Specifically, the comparison results show that the AT complexity of our method is improved by approximately 51.04% and 39.23% compared to Wang-Lin and Yeh et al.'s methods, respectively. The proposed parallel (resp., serial) multiplier/ squarer produces the results at a rate of one per 1 (resp., m) cycles with a latency of 3m - 1 (resp., 3m - 1) cycles. Note that the parallel systolic architecture has better throughput but a much higher hardware cost than a serial systolic architecture. Thus, the serial architecture is attractive in resource-constrained cryptographic applications.
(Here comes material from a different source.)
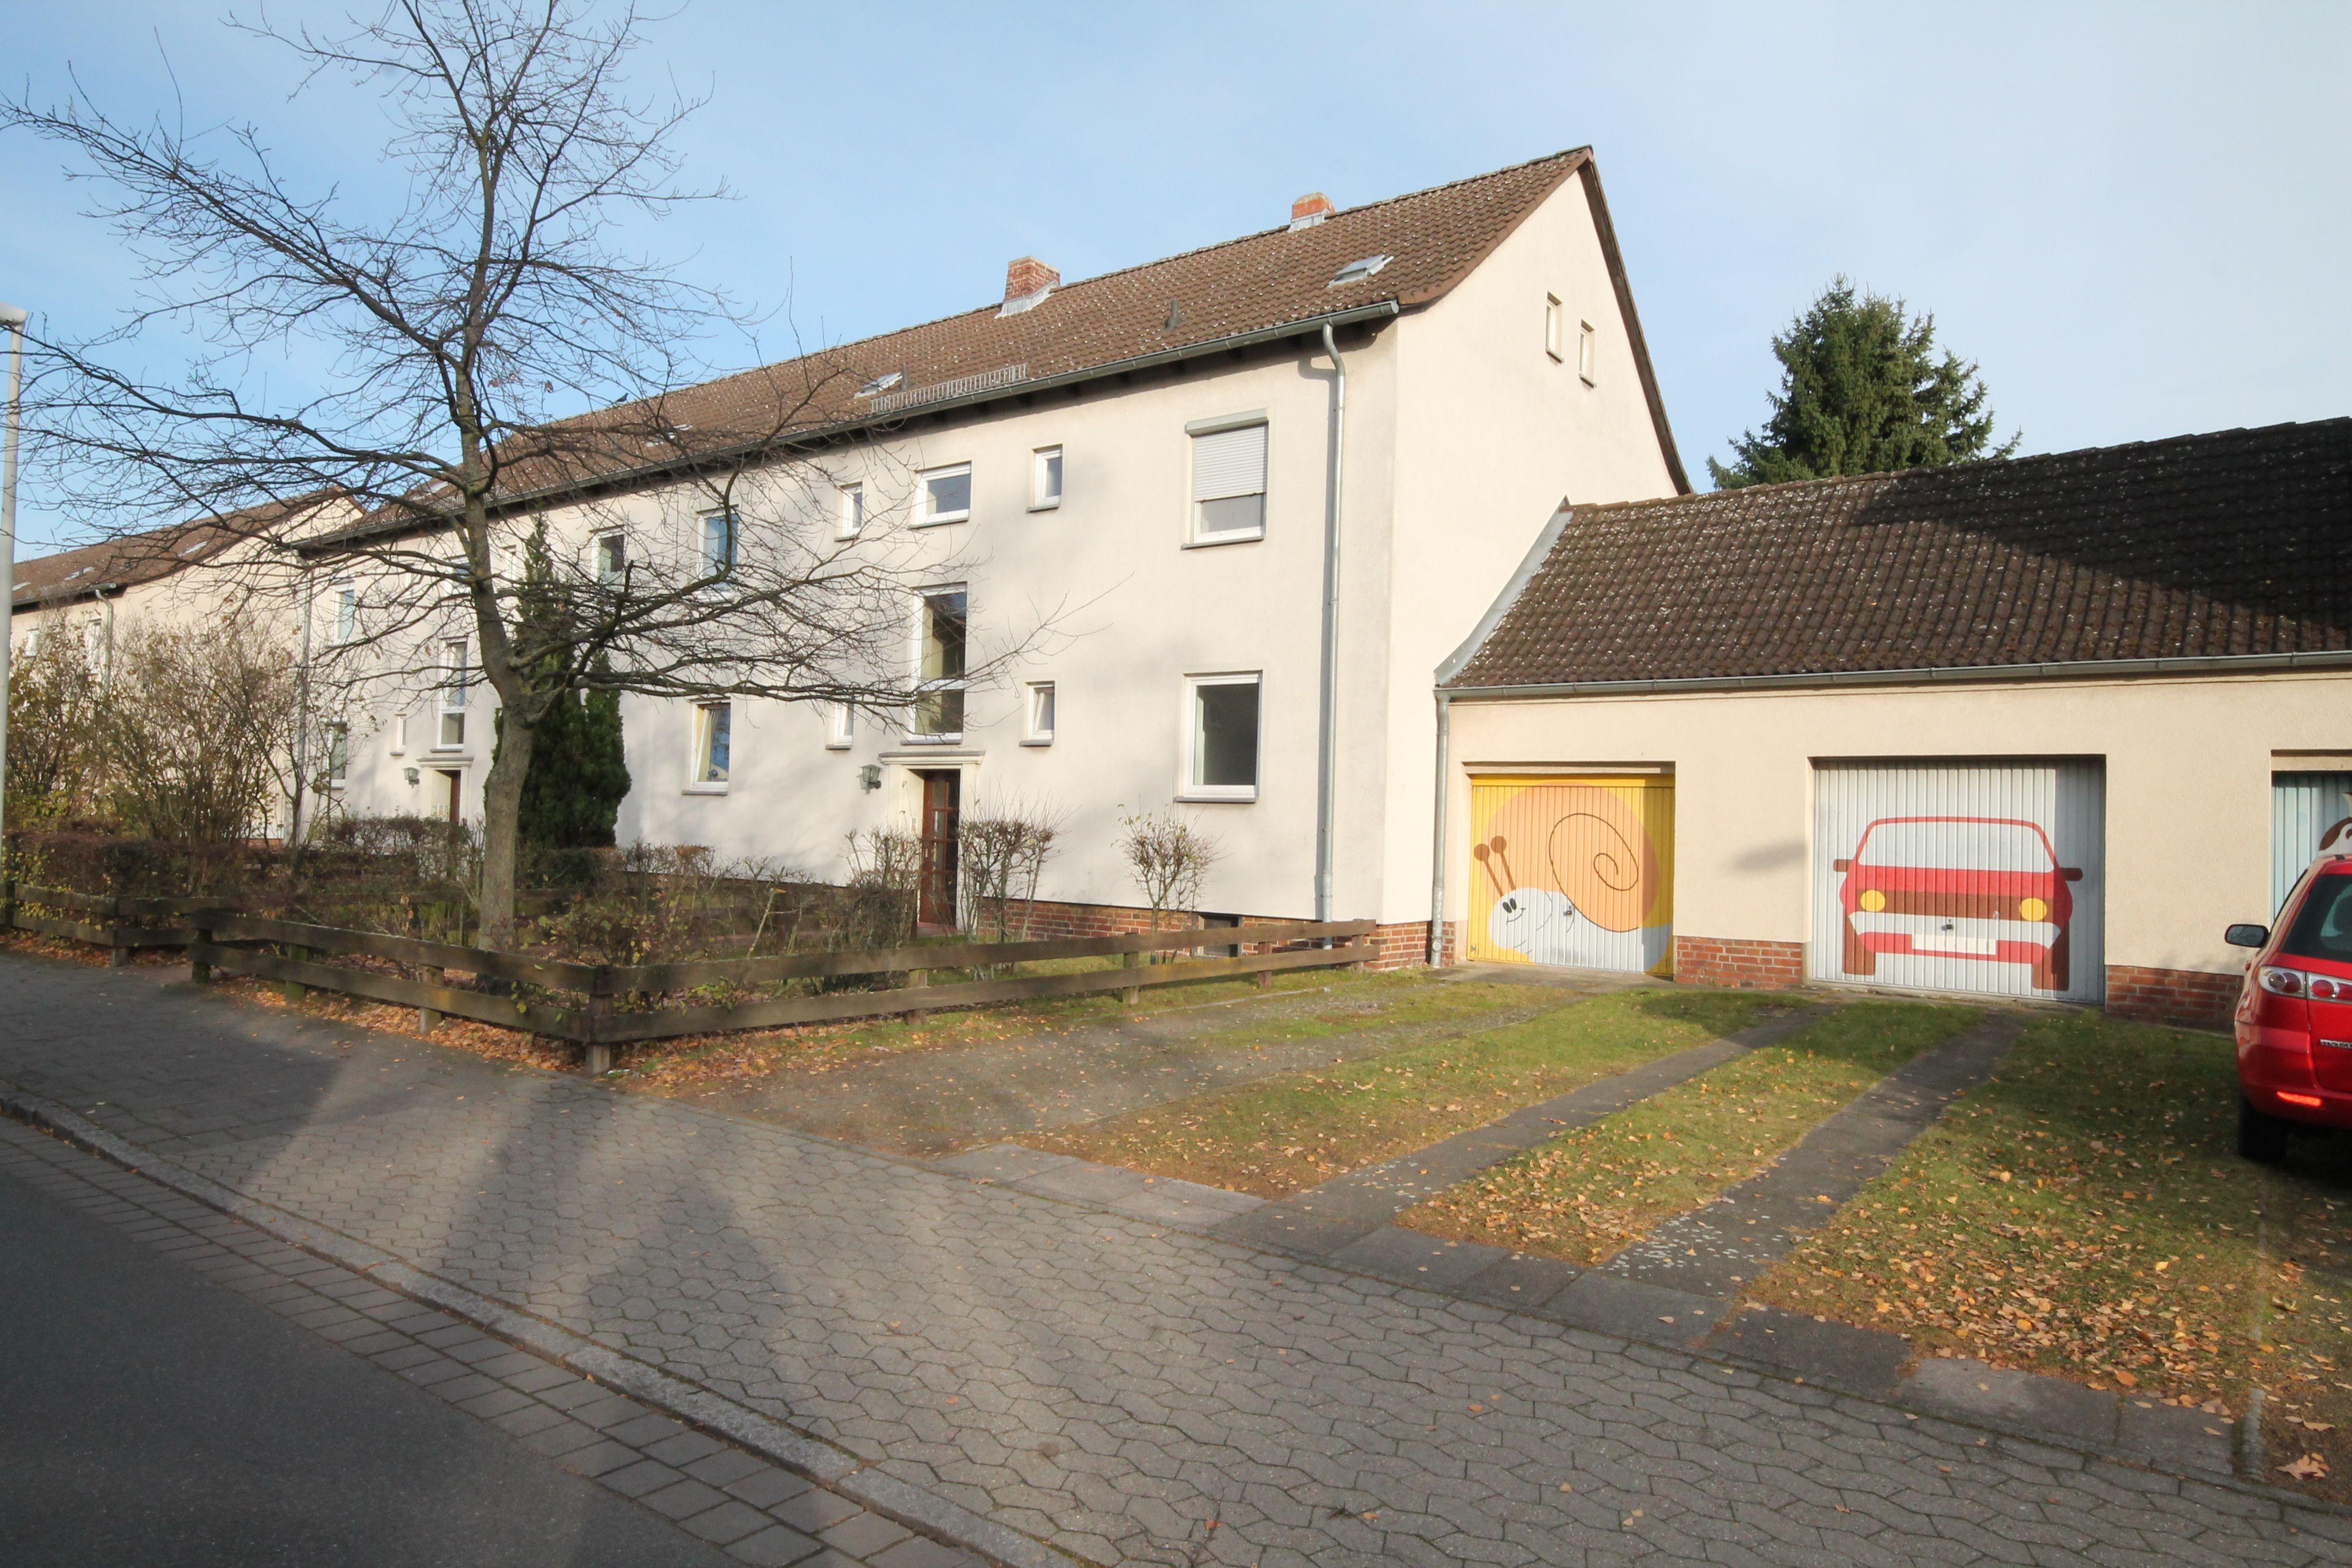 Makler In Braunschweig nordstadt vorwerksiedlung verkauf einer eigentumswohnung

This study proposes a new systolic combined multiplier/squarer for efficient modular exponentiation, which is the crucial operation in the finite field arithmetic. The proposed method utilizes the common components in the simultaneous computation of both MM and MS. So, it can be used in the efficient computation of the LSB-first ME over  $GF(2^m)$ . The effectiveness of our study is demonstrated by the reduced AT complexity compared with the related work. The proposed architecture involves unidirectional data flow, and is highly regular and nearest-neighbor connected. It is thus well-suited for VLSI implementation. The proposed multiplier/squarer can be used for cryptographic applications such as asymmetric watermarking for geographic information system (GIS) vector map management.